** TASK PROMPT **
Only the lines from the one bearing "Chris Silver's MGB" through the end of the listing belong in your response, restated word for word and without pictures.

** DATA EXCERPT **

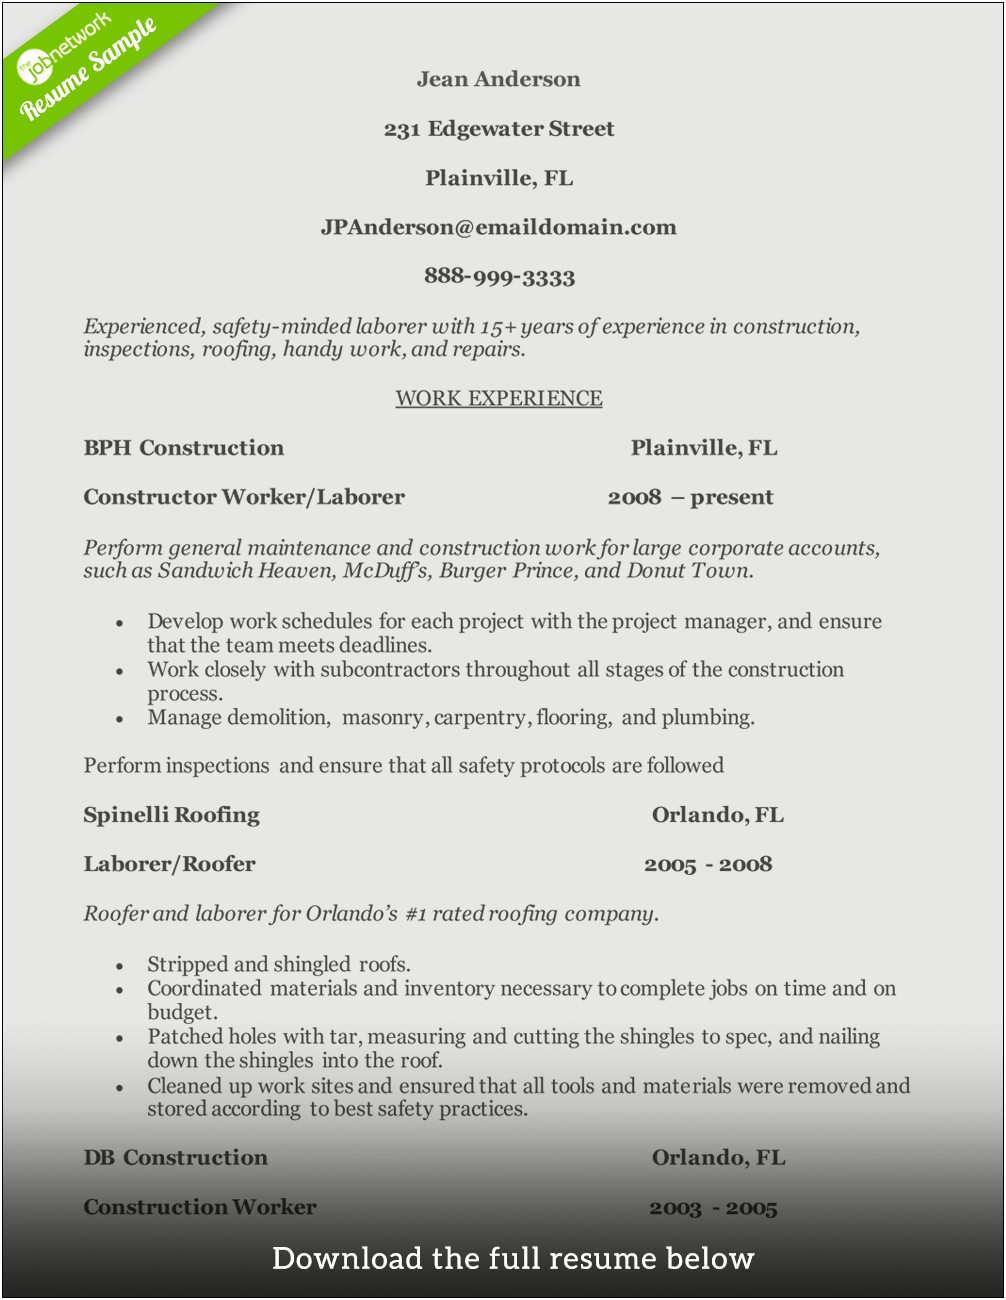 Free Resume Template For Laborer
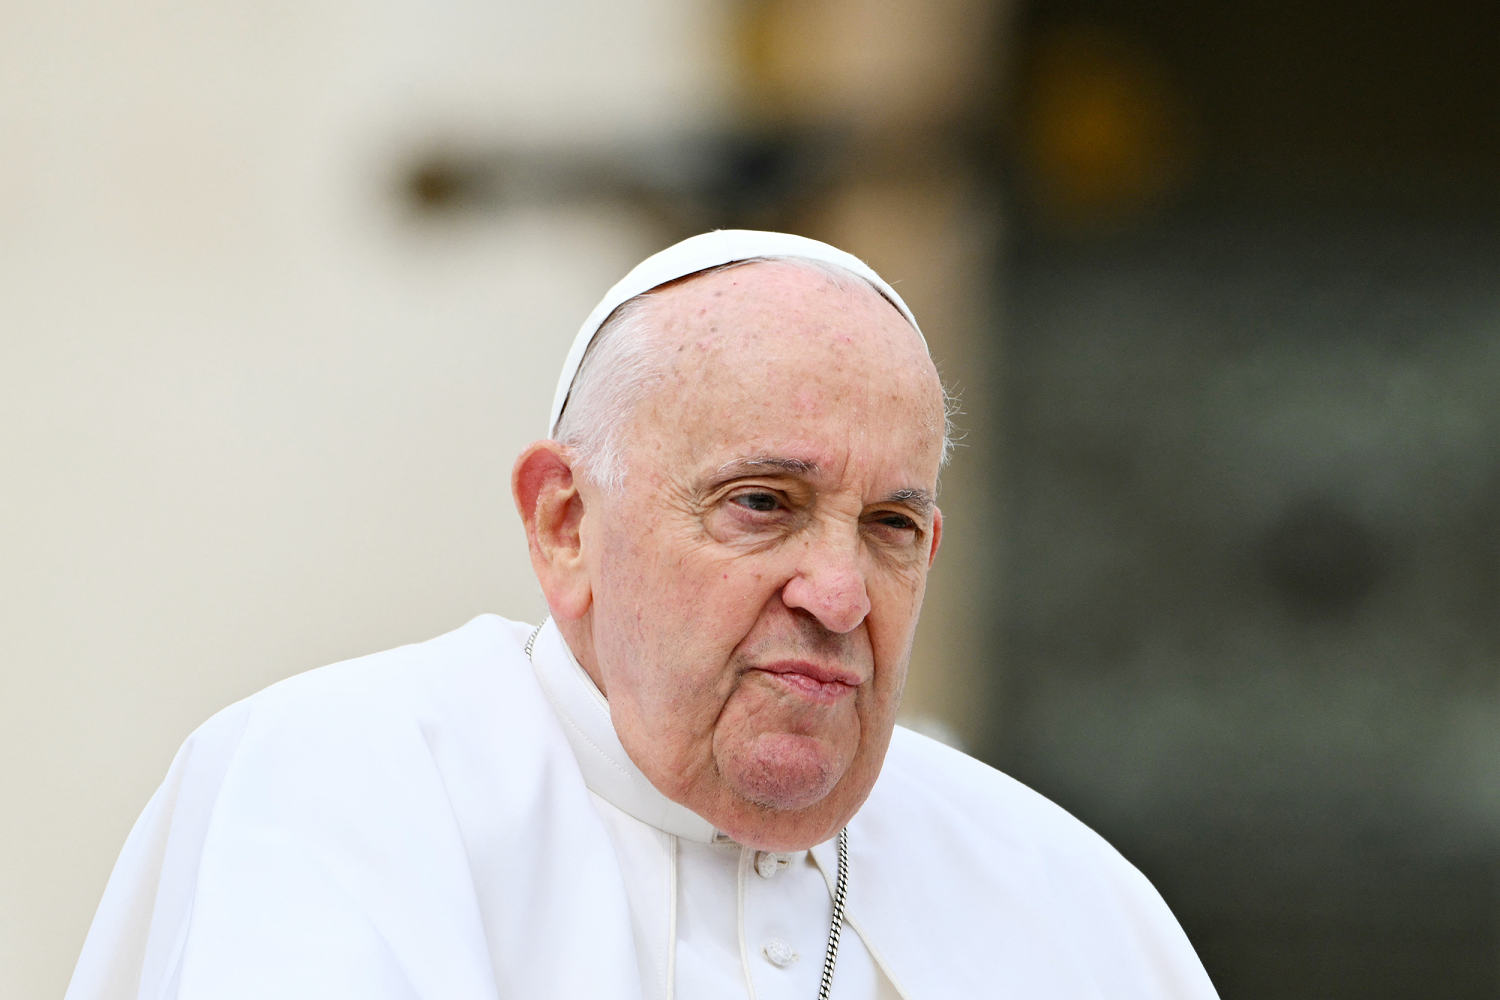 Pope Francis' interview must have disappointed Catholic conservatives — and progressives
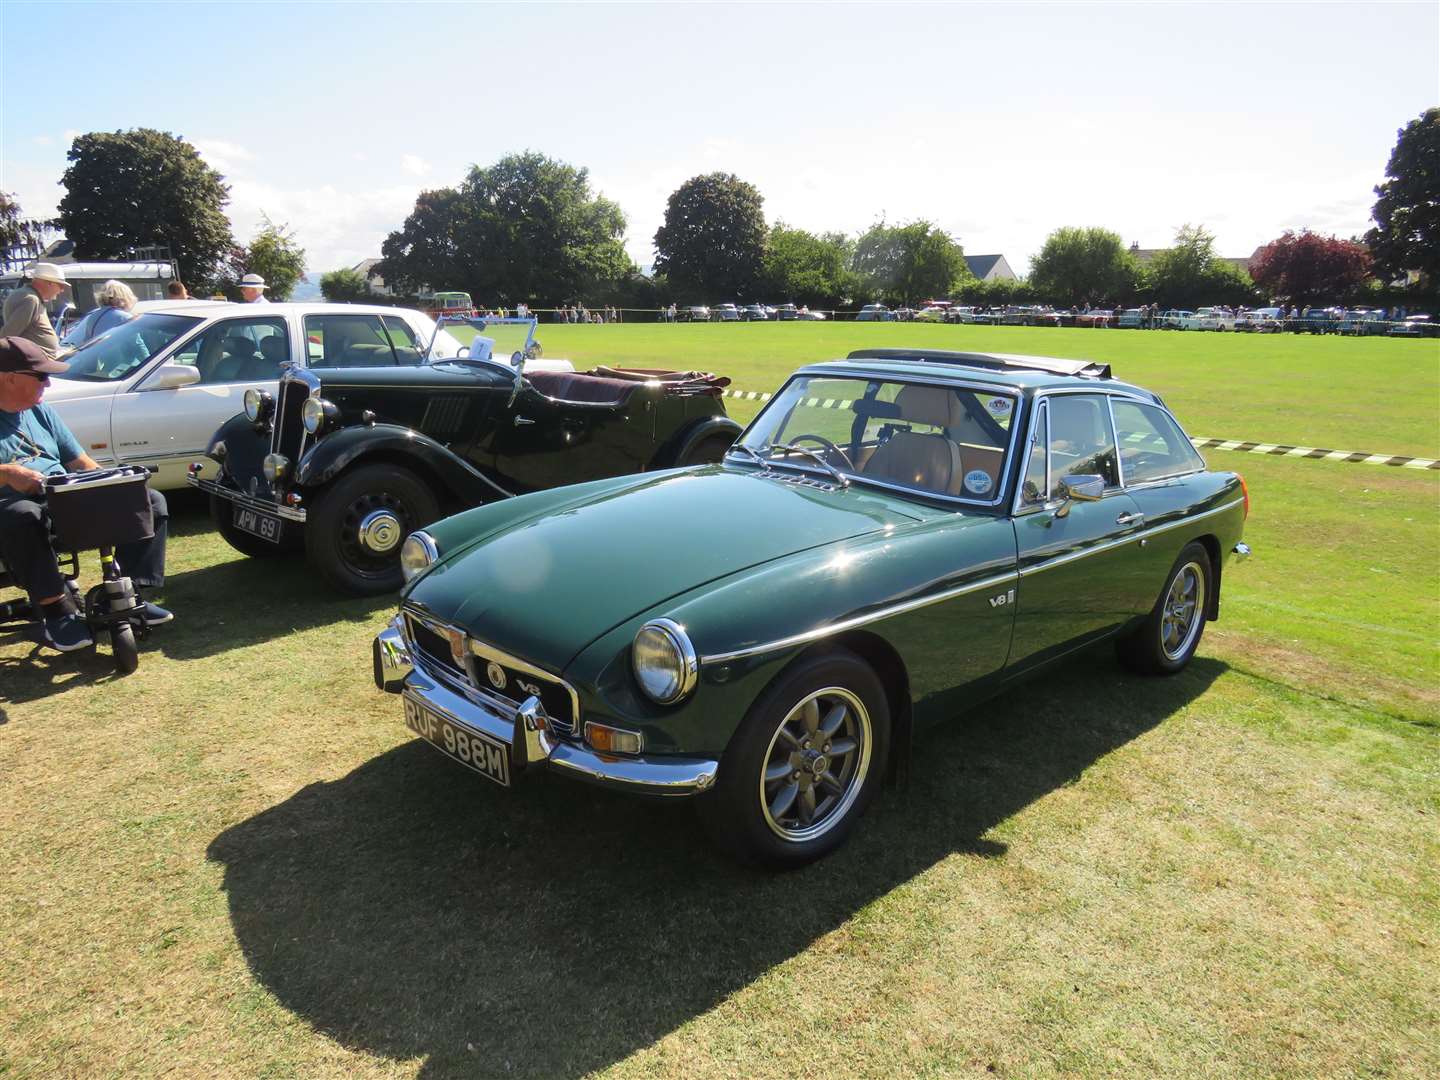 Chris Silver's MGB V8 with the Morris 8 of Robert McIntosh behind.
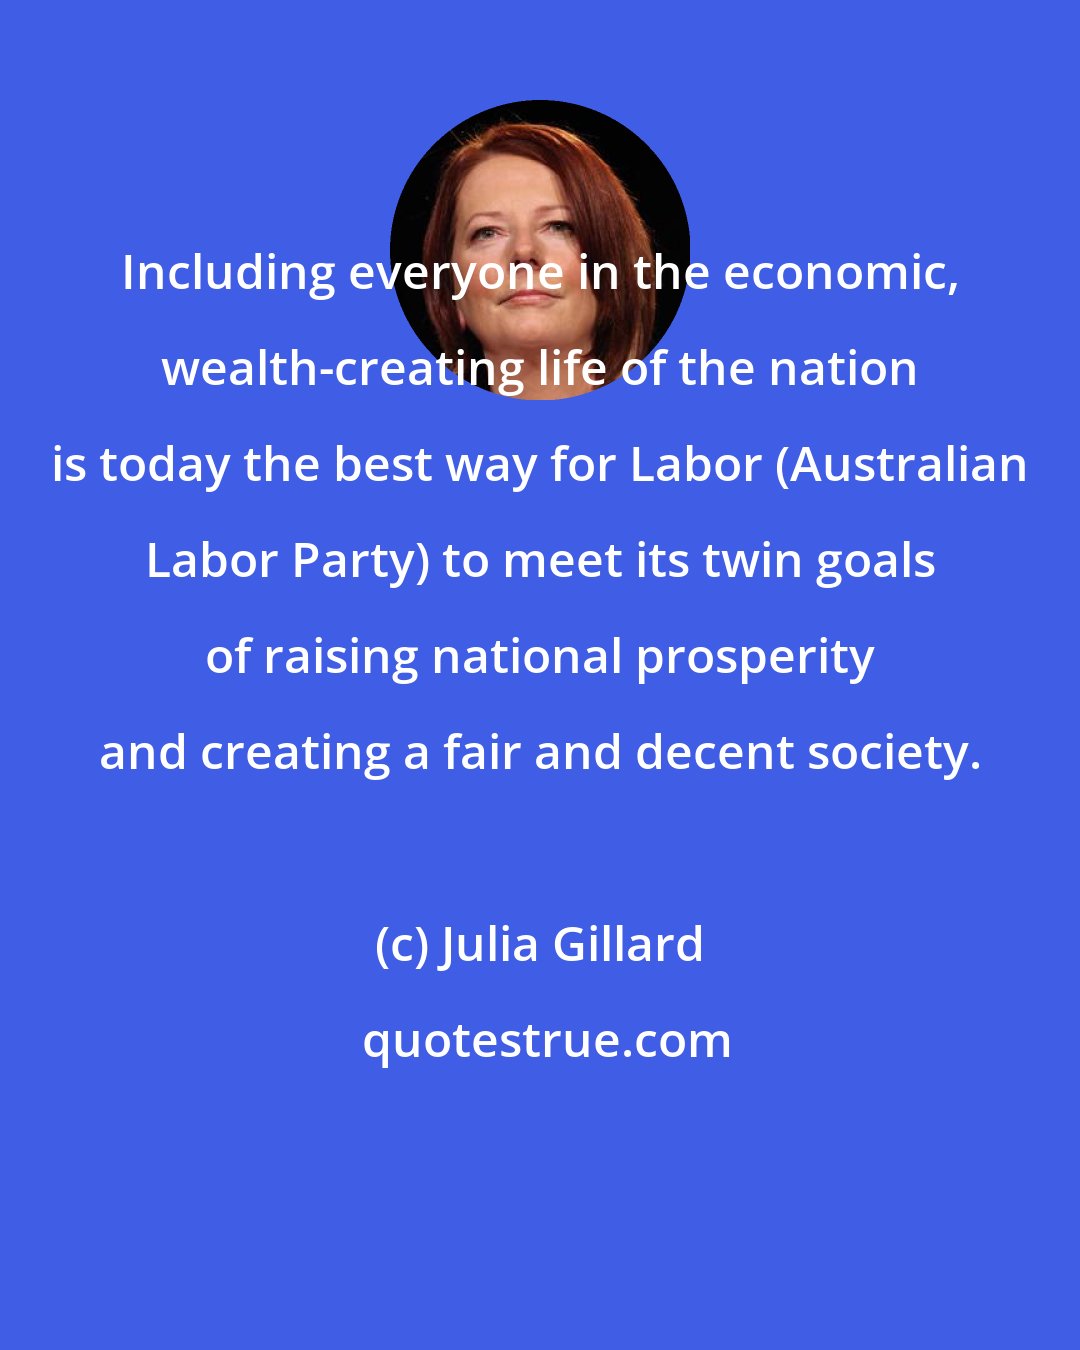 Julia Gillard: Including everyone in the economic, wealth-creating life of the nation is today the best way for Labor (Australian Labor Party) to meet its twin goals of raising national prosperity and creating a fair and decent society.

** RESPONSE TO THIS TASK **
 Chris Silver's MGB V8 with the Morris 8 of Robert McIntosh behind.
 Julia Gillard: Including everyone in the economic, wealth-creating life of the nation is today the best way for Labor (Australian Labor Party) to meet its twin goals of raising national prosperity and creating a fair and decent society.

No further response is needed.